> **Stored data**:
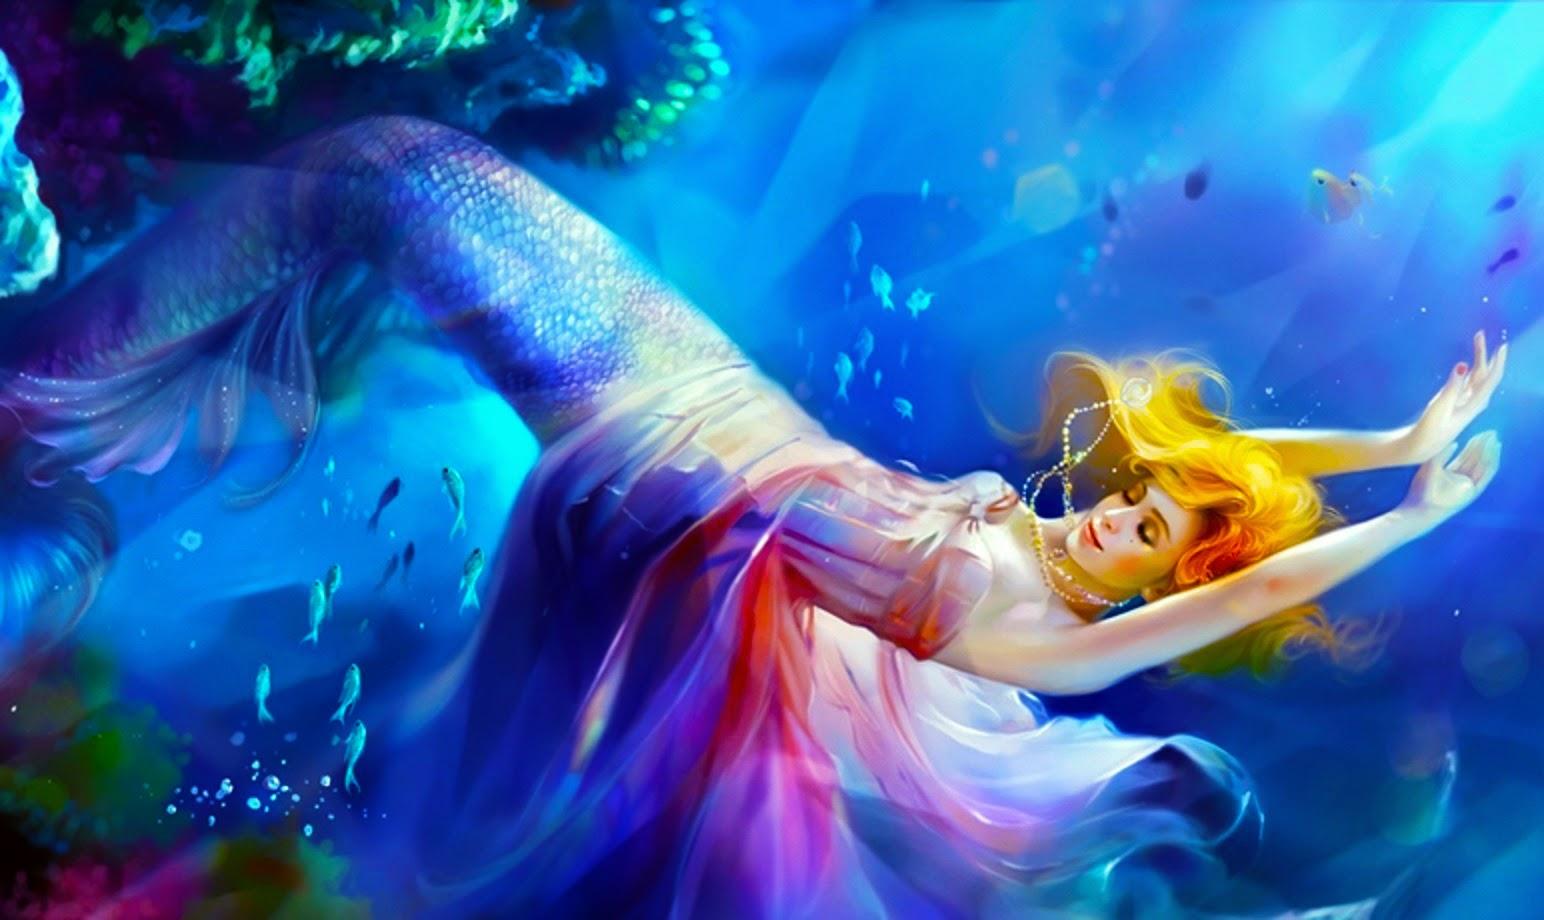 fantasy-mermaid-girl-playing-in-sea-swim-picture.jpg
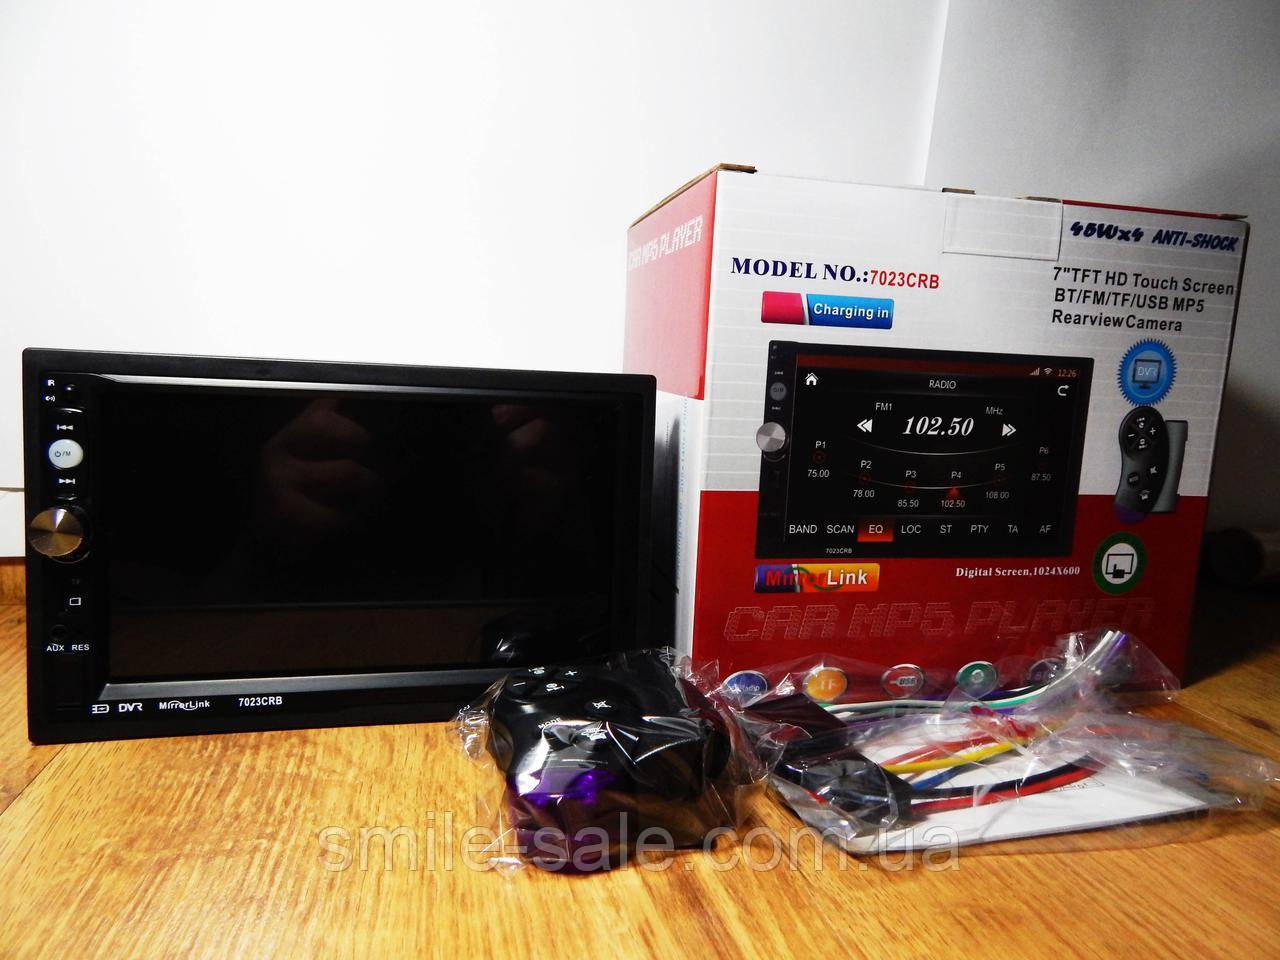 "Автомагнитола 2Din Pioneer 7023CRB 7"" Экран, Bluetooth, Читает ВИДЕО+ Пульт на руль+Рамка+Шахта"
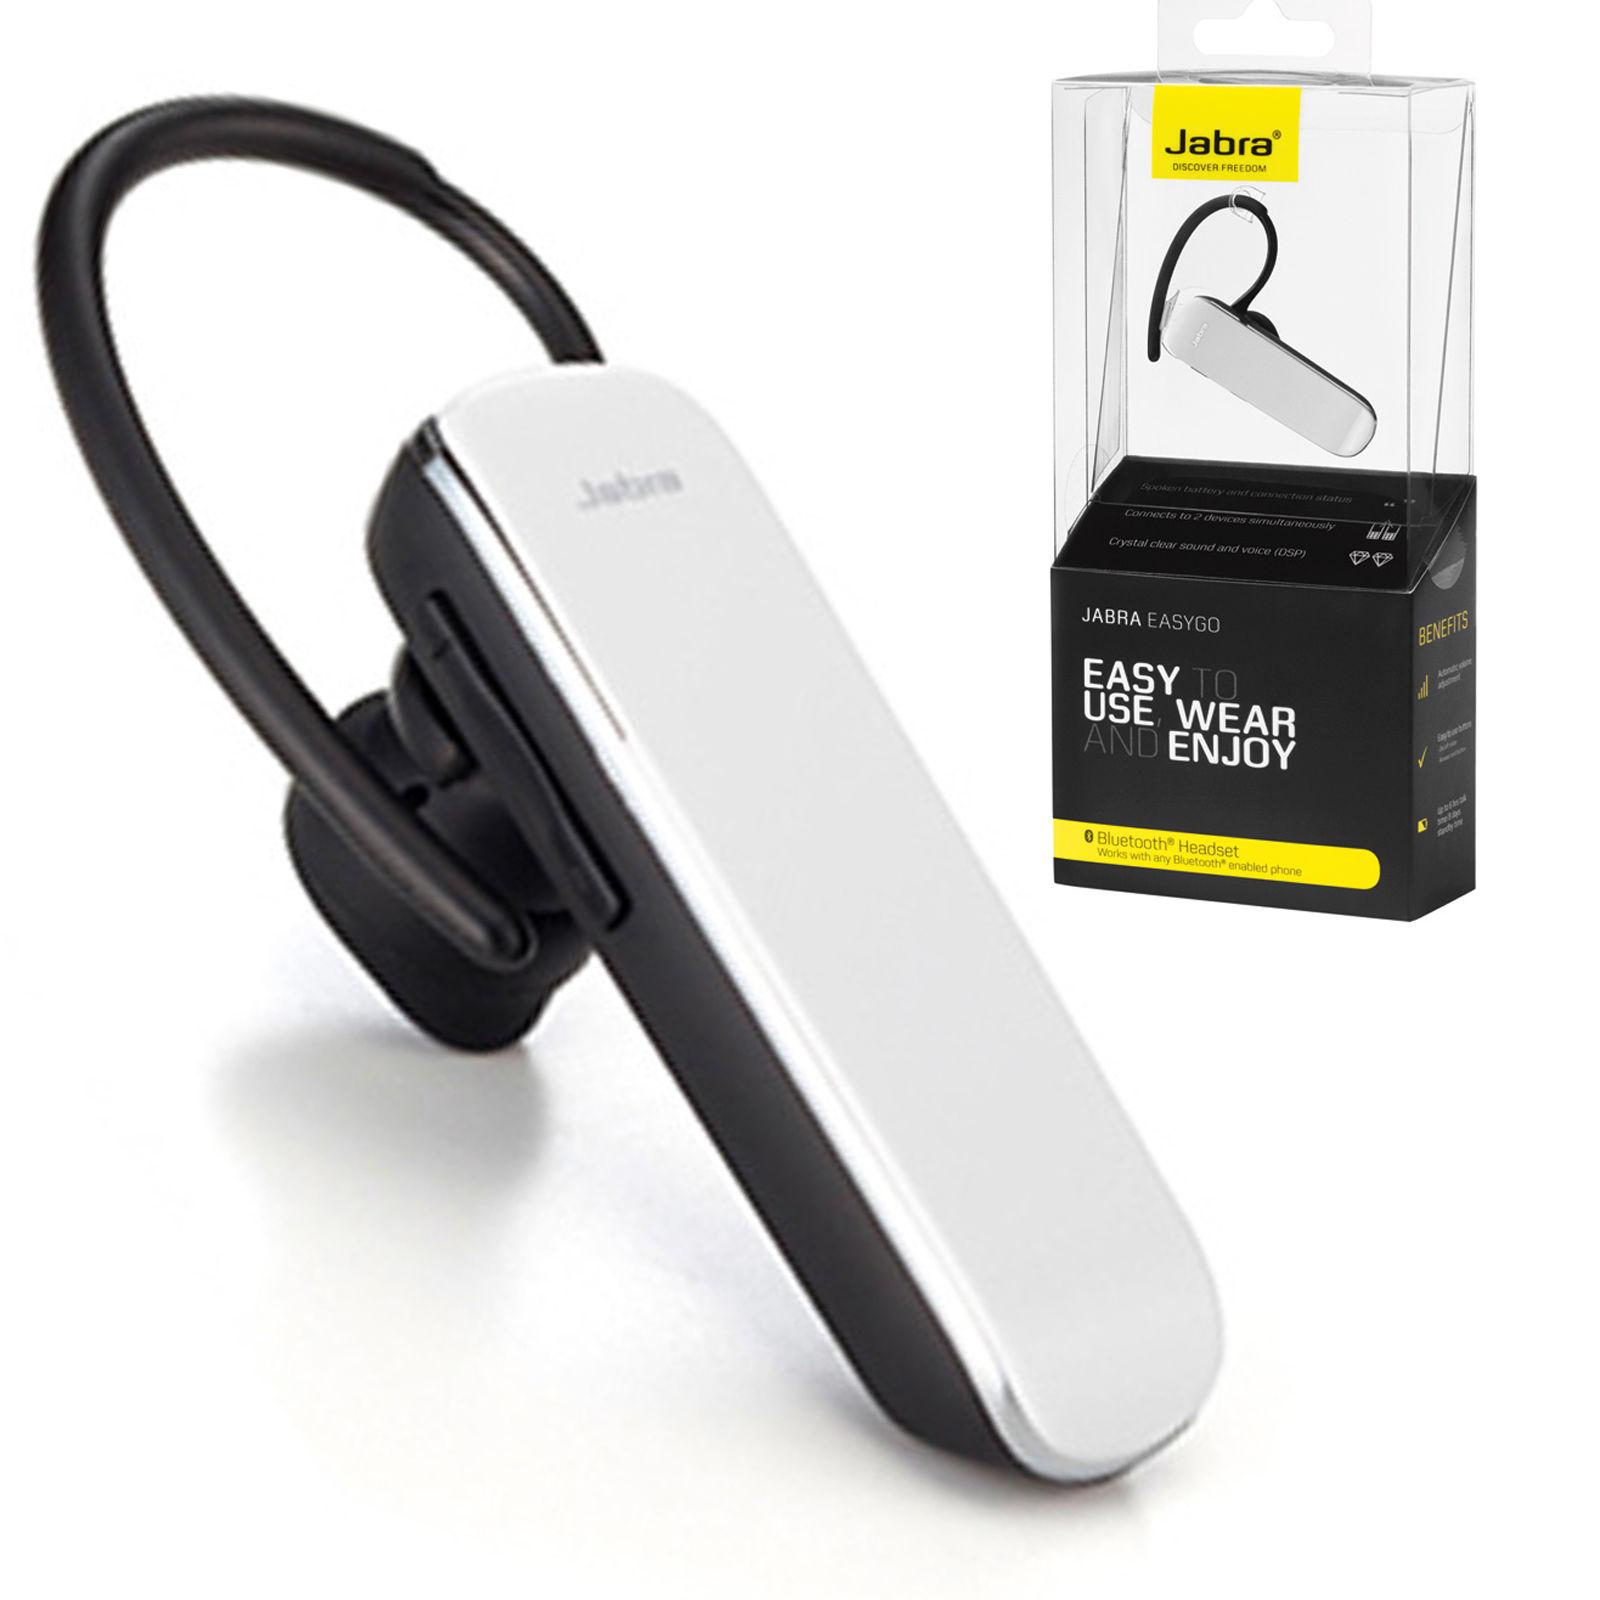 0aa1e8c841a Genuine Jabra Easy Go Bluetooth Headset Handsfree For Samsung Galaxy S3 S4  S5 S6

> **Instructions to follow**: Copy out all of the material exactly as written, without its pictures.

> **Problem solution**:
 fantasy-mermaid-girl-playing-in-sea-swim-picture.jpg
 "Автомагнитола 2Din Pioneer 7023CRB 7"" Экран, Bluetooth, Читает ВИДЕО+ Пульт на руль+Рамка+Шахта"
 0aa1e8c841a Genuine Jabra Easy Go Bluetooth Headset Handsfree For Samsung Galaxy S3 S4  S5 S6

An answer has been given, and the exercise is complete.